Surge in Auto Stocks Amid Market Jitters: A Closer Look
The Indian stock market opened flat amid concerns over rising H-1B visa costs affecting the IT sector. While analysts foresee supportive factors such as GST reforms and a normal monsoon boosting consumption, the auto sector emerged as a significant gainer, driven by robust customer demand and improved sentiment.

- Country:
- India
The Indian stock market experienced a mixed opening on Tuesday, with significant focus on the ongoing volatility. Both benchmark indices began the day on a flat note, grappling with the impact of increased H-1B visa costs on the technology sector. The Nifty 50 index started at 25,209 points, a slight increase of 6.65 points or 0.03 percent, while the BSE Sensex slipped marginally by 12.60 points or 0.02 percent to open at 82,147.37.
Despite the present volatility, market analysts anticipate that initiatives such as GST rationalization, favorable weather conditions, and incentives will support consumption. Moreover, foreign investors, having been net sellers recently, are showing signs of returning, propelled by expectations of earnings upgrades later in the fiscal year. Analysts believe that consumption-oriented sectors may draw more attention, lending crucial support in the short term.
In sectoral performance, the Nifty Auto index stood out as the top performer, witnessing a 1.72 percent rise. Maruti Suzuki shares saw a robust 2.65 percent increase, with Ashok Leyland and Tata Motors also enjoying gains.
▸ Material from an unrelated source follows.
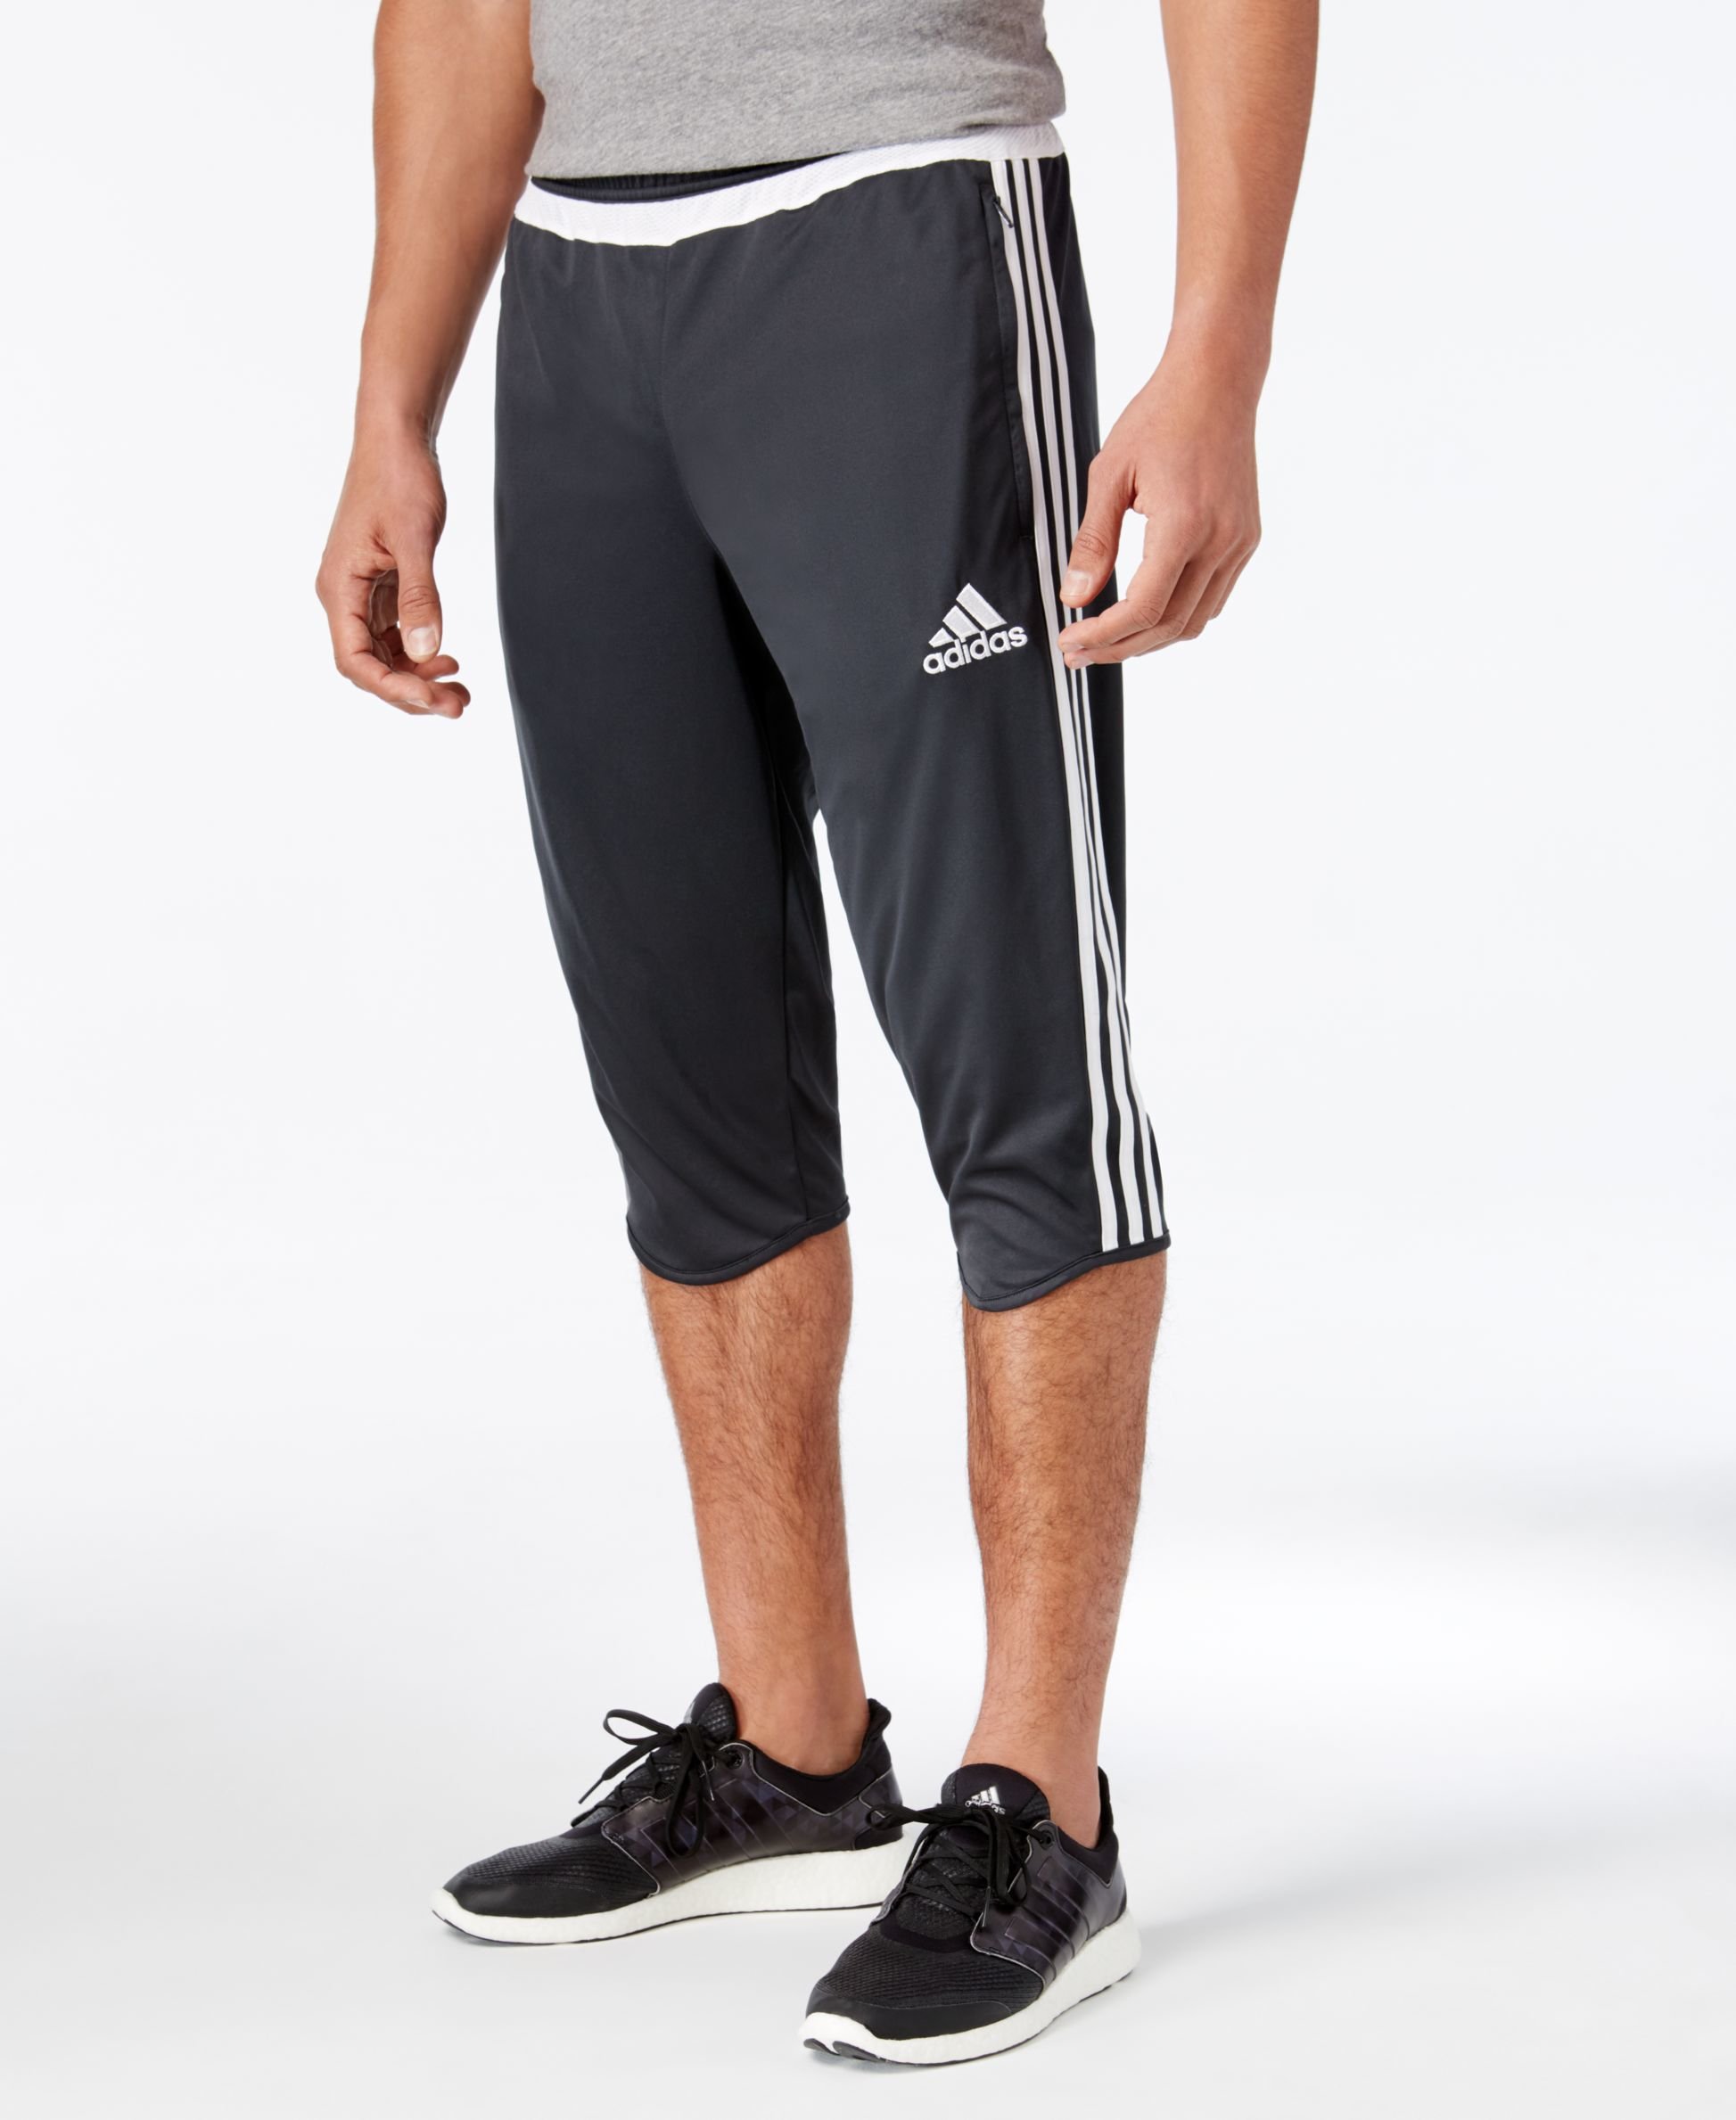 Adidas originals Tiro 15 3/4 Length Climacool Training Pants in Black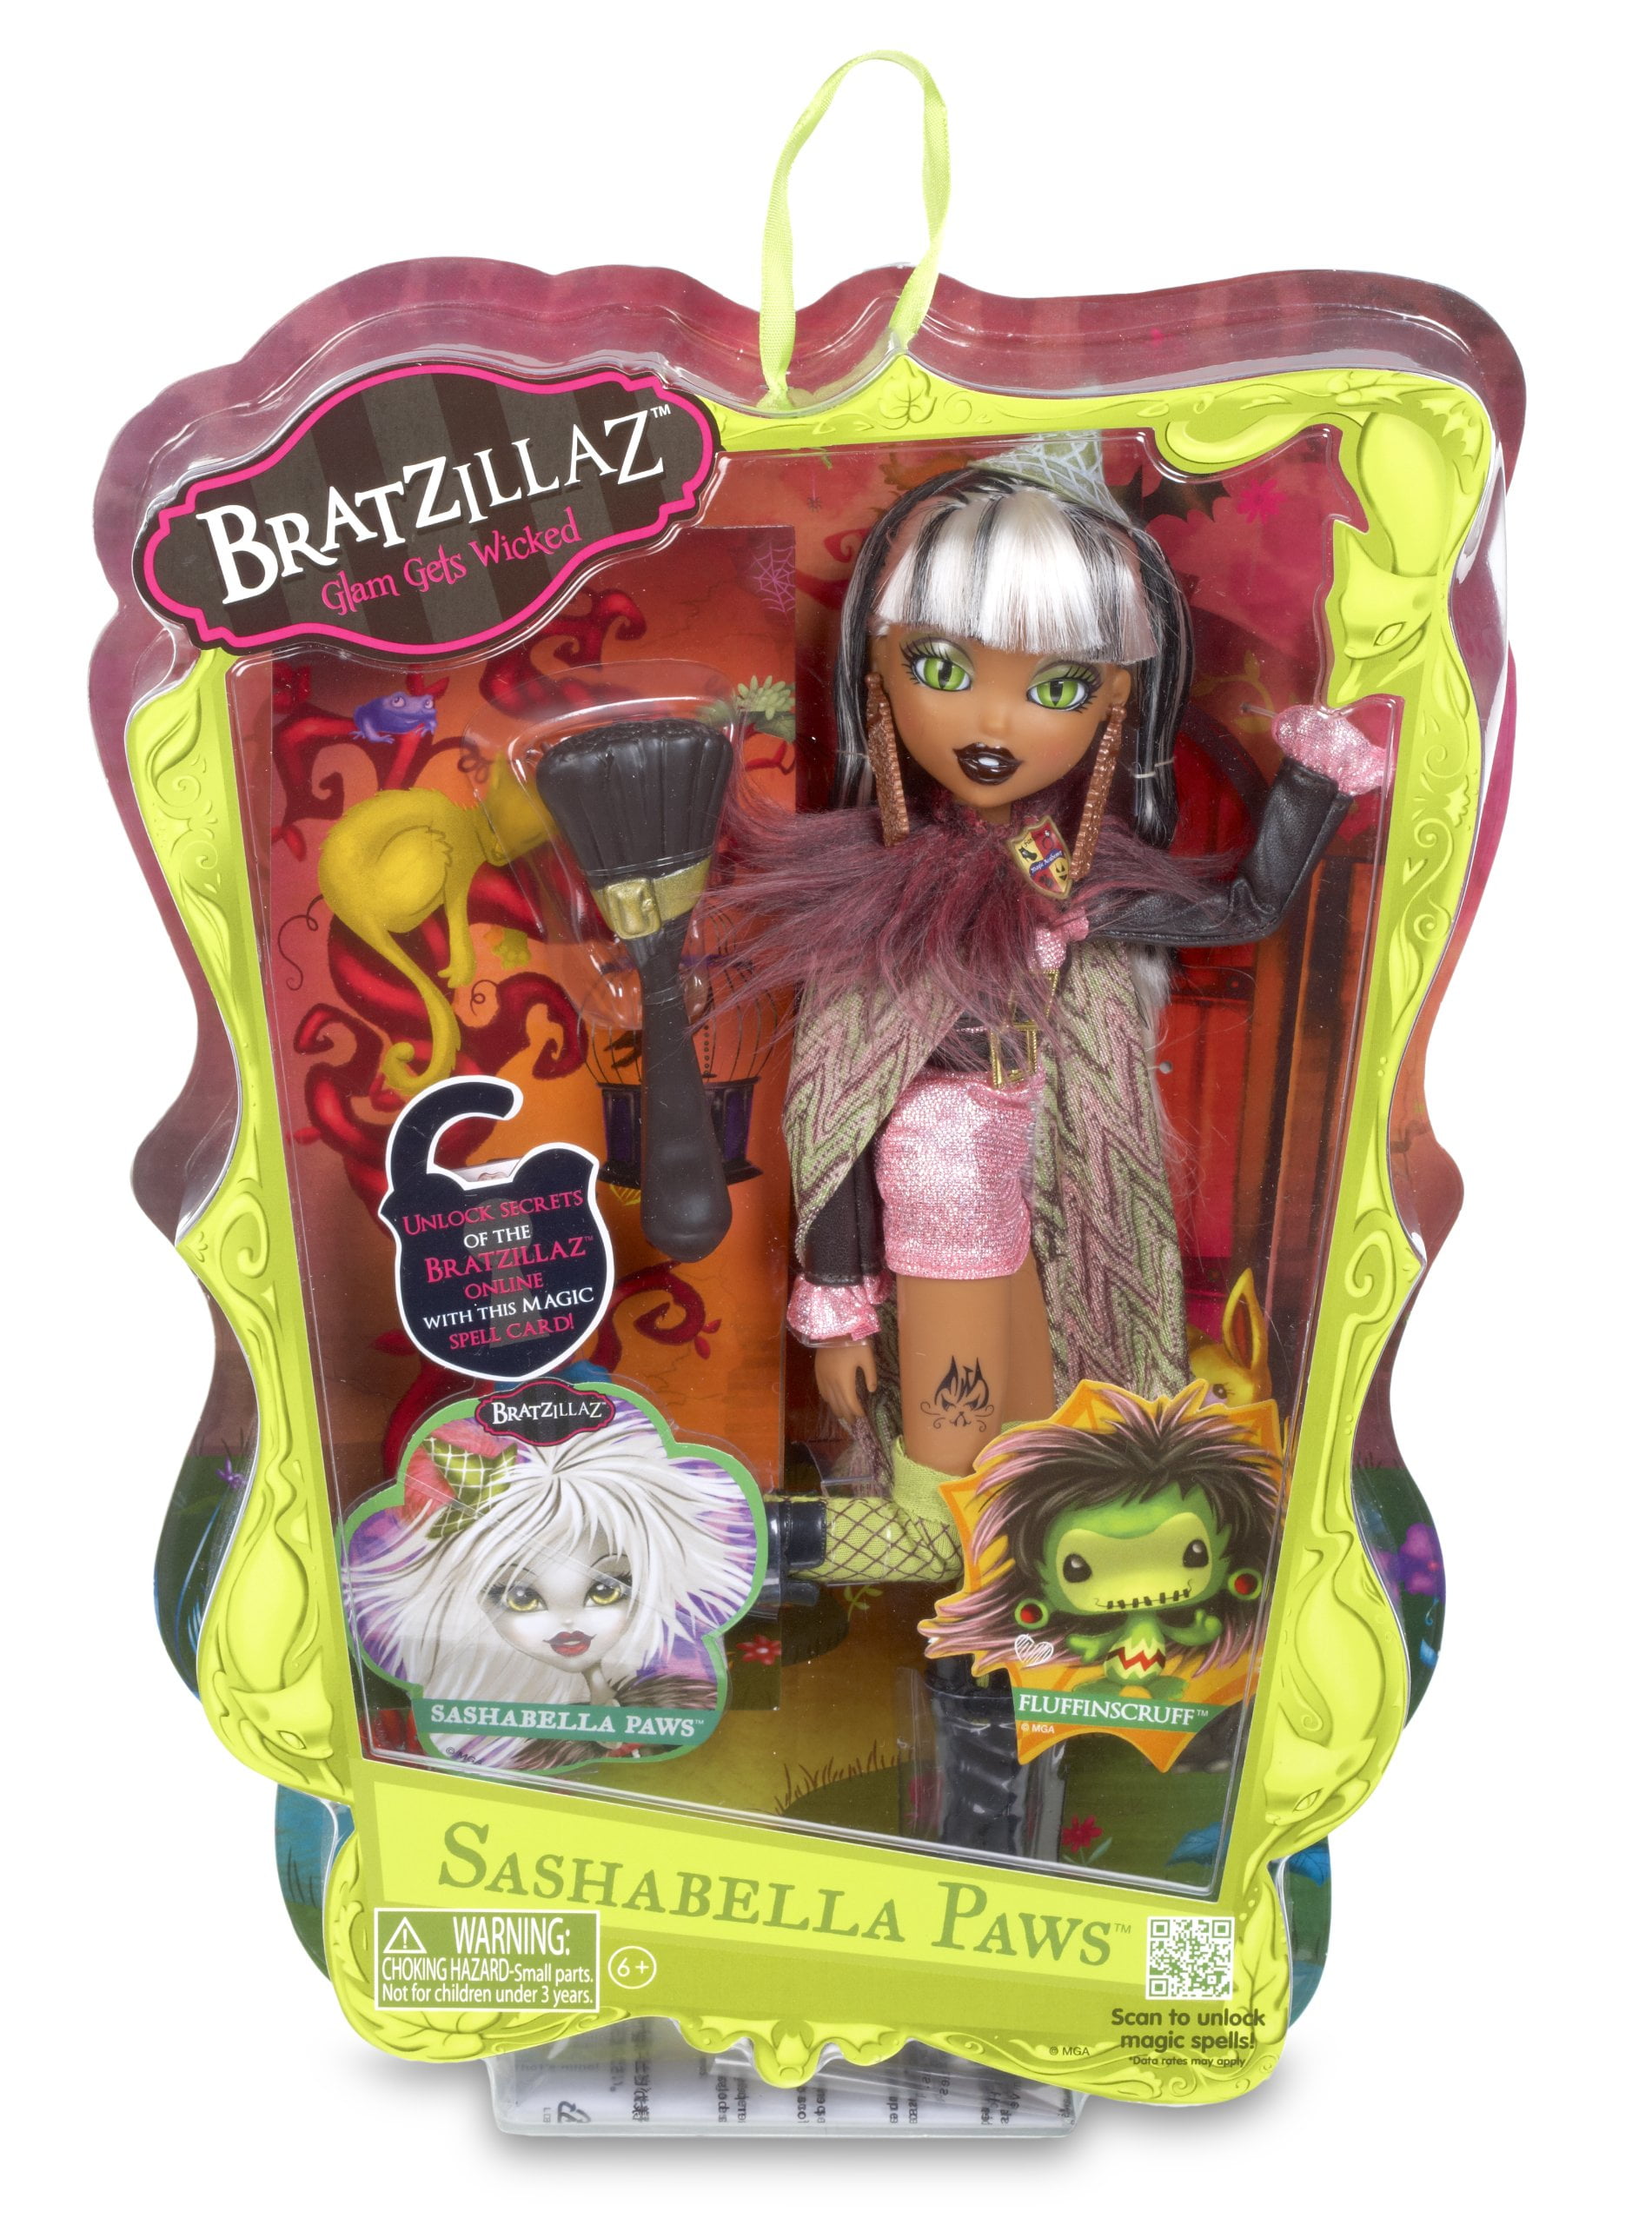 Bratz-mga Bratzillaz Doll, Sashabella Paws, Great Gift for

Maruti Suzuki's strong customer response, highlighted by high inquiries and vehicle deliveries, showcased the sector's vigour. Hyundai's record dealer billings further fueled positive sentiment, attributed partly to GST 2.0 reforms. Meanwhile, the Nifty IT index held steady with a minor 0.04 percent uptick, and the FMCG index faced a 0.36 percent decline amid general sectoral pressures.